К этому времени они были совсем тепленькие и Эйлин голой рукой обнимала его за плечо.
– Я поступлю в американский университет. В Лос-Анджелес или Беркли, еще не решил.
– Ну ты даешь! Конечно, в Беркли! – воскликнула Эйлин. – К черту Л-А! Я там выросла и лето провожу там у родителей. Тамошние парни – это шайка гринго, ты там всех возненавидишь!
– Ну…
– Слушай, а ты не хочешь накормить меня обедом и послушать обо мне?
– Конечно, – ответил Бобби.
– Колоссально! А вот тебе задаток. – Тут Бобби получил такой поцелуй, что воспалился окончательно.
Они отправились в китайский ресторан, и там за свининой му шу, омаром в черном бобовом соусе и яйцами фу юнг Эйлин взяла разговор на себя. При этом она ловко управлялась одной рукой с палочками для еды, а другой под столом держала Бобби за бедро.

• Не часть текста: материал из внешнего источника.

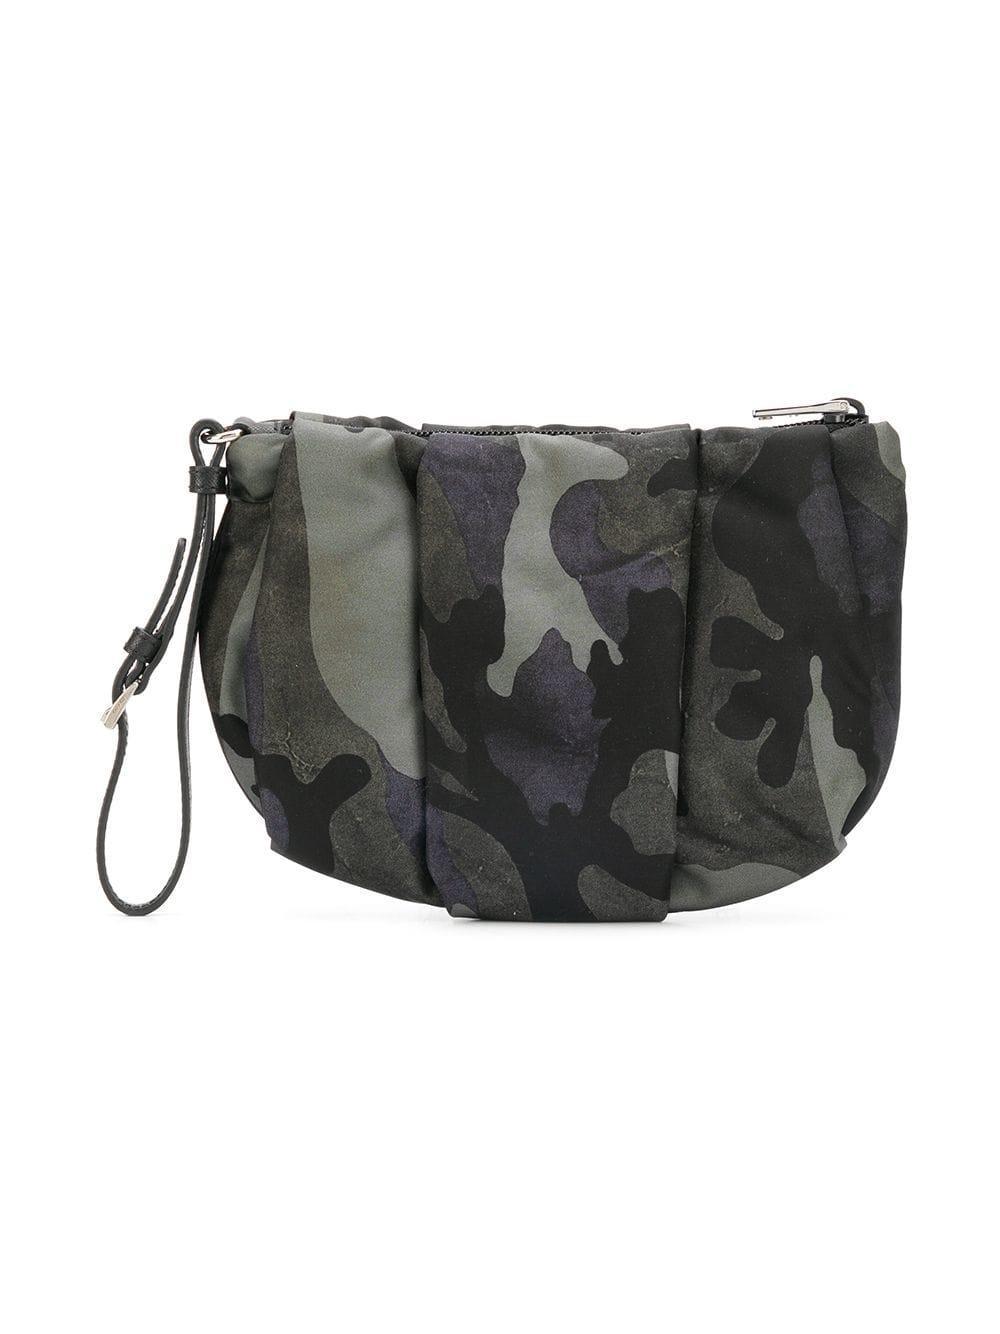 0e346ab33253 ... low price prada black nylon camo make up bag lyst. view fullscreen  a2dc9 cd14c
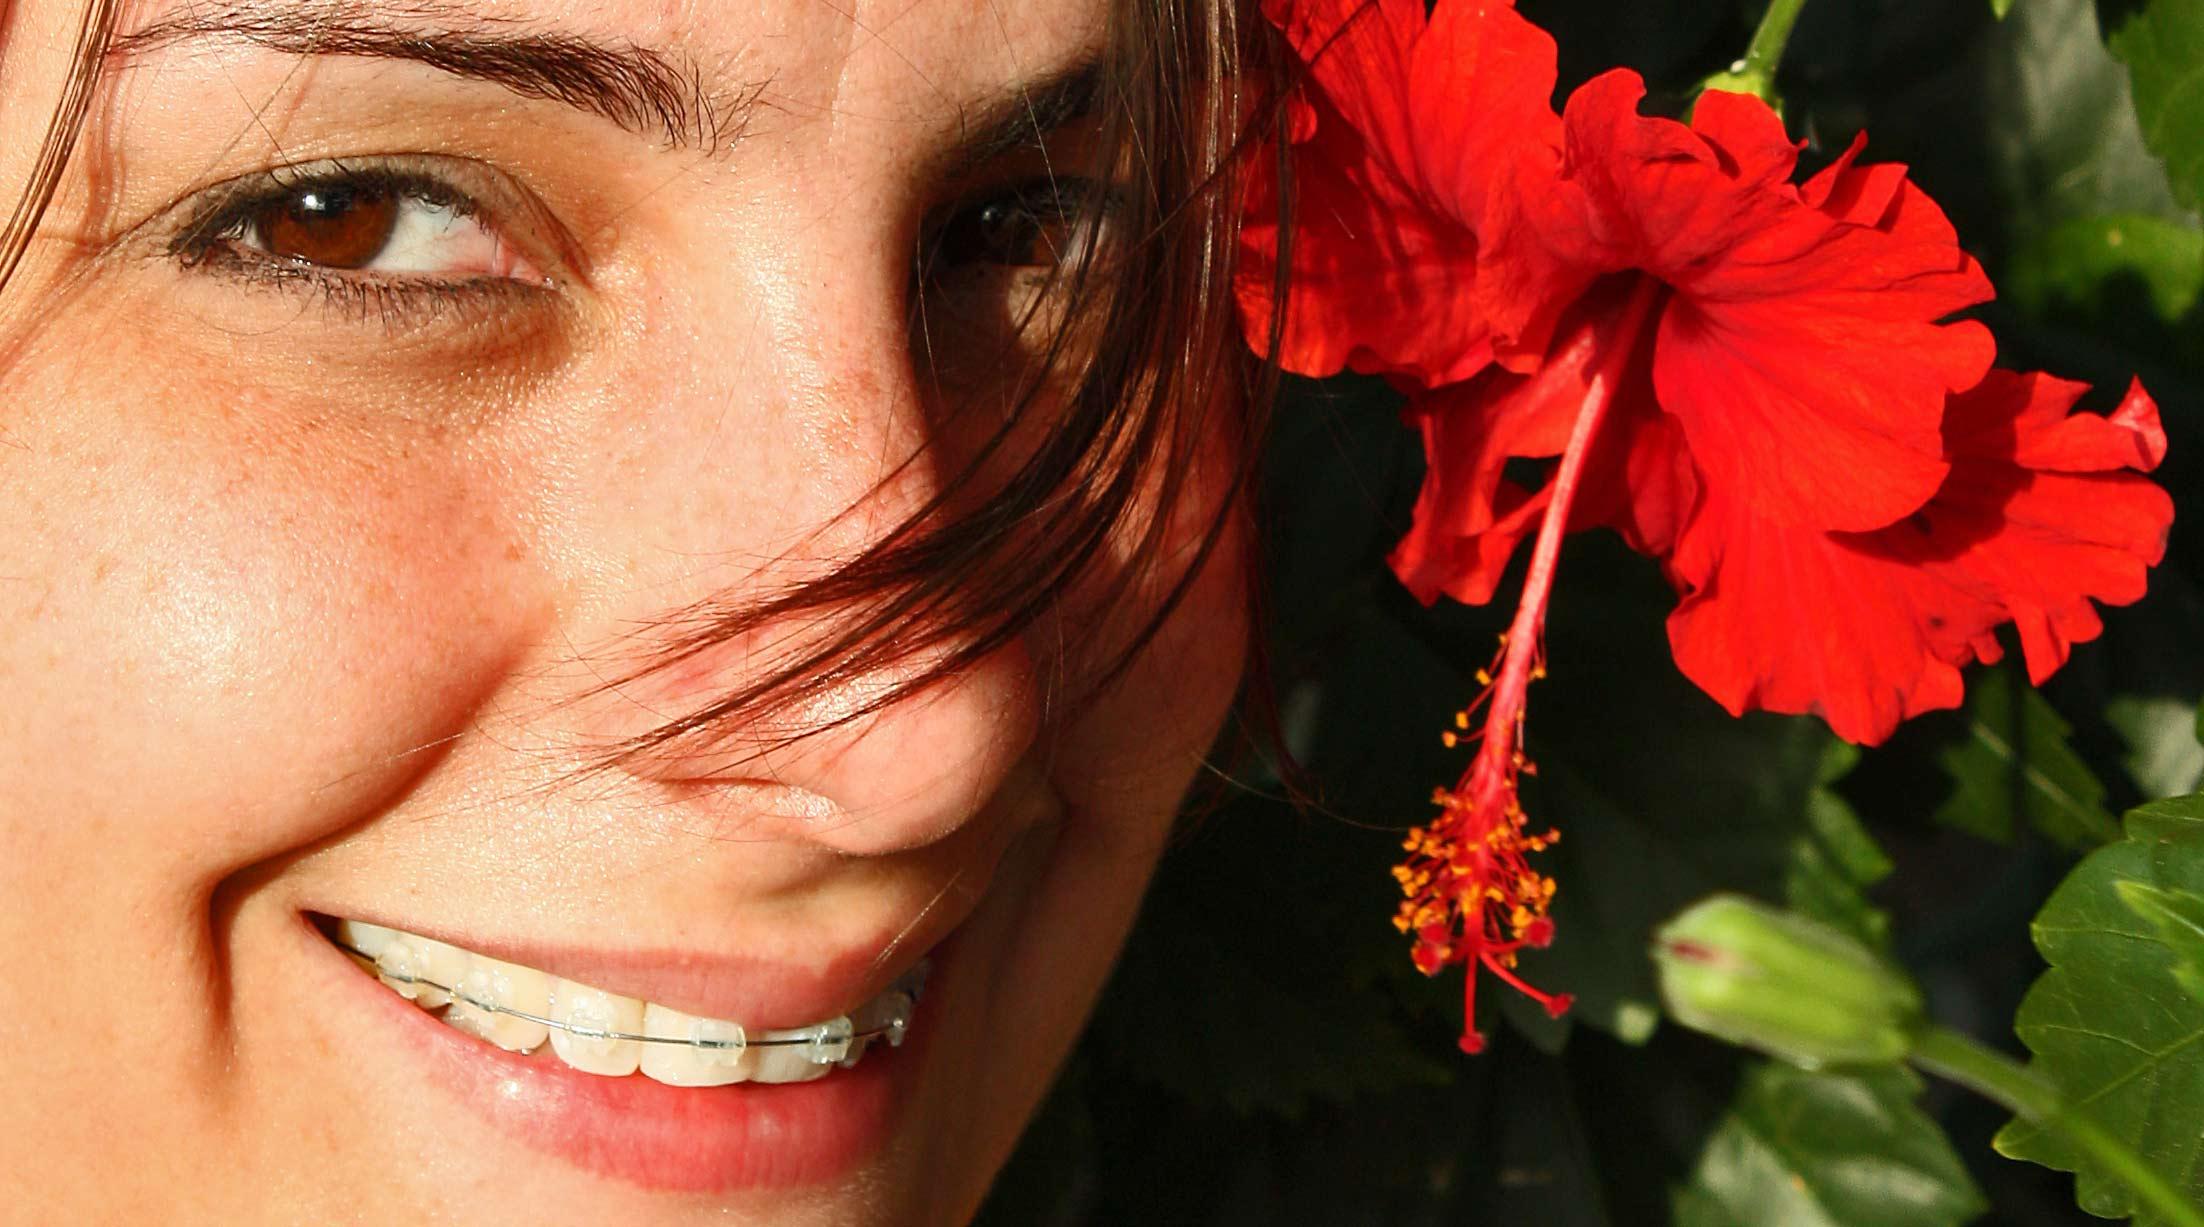 braces-flower-smile

У родителей Эйлин Спэрроу свой дом в Беверли-Хиллз, а сейчас отец, агент по продаже недвижимости, хочет приобрести участок в Нижней Калифорнии. Возможно, скоро так разбогатеют, что переберутся куда получше. Из этого, конечно, не следует, что она сама – гринго. Родителей ведь не выбирают, так? Она поступила в прошлом году в Беркли и сейчас специализируется по английскому языку. Она там сошлась с красными, они не шовинисты-гринго, и настоящий француз из Парижа, особенно если он тоже немножко американец, им очень понравится. Она едет в Беркли в следующий понедельник, а до этого Бобби может пожить в комнате Тода – брат сейчас в армии… А маме с папой они скажут, что Бобби ее однокурсник, и ради всего святого, чтоб он не ляпнул, что был в Европе: папаша ненавидит европешек. И надо обязательно надеть "доджера", папа обожает тип-топ, экстра-класс…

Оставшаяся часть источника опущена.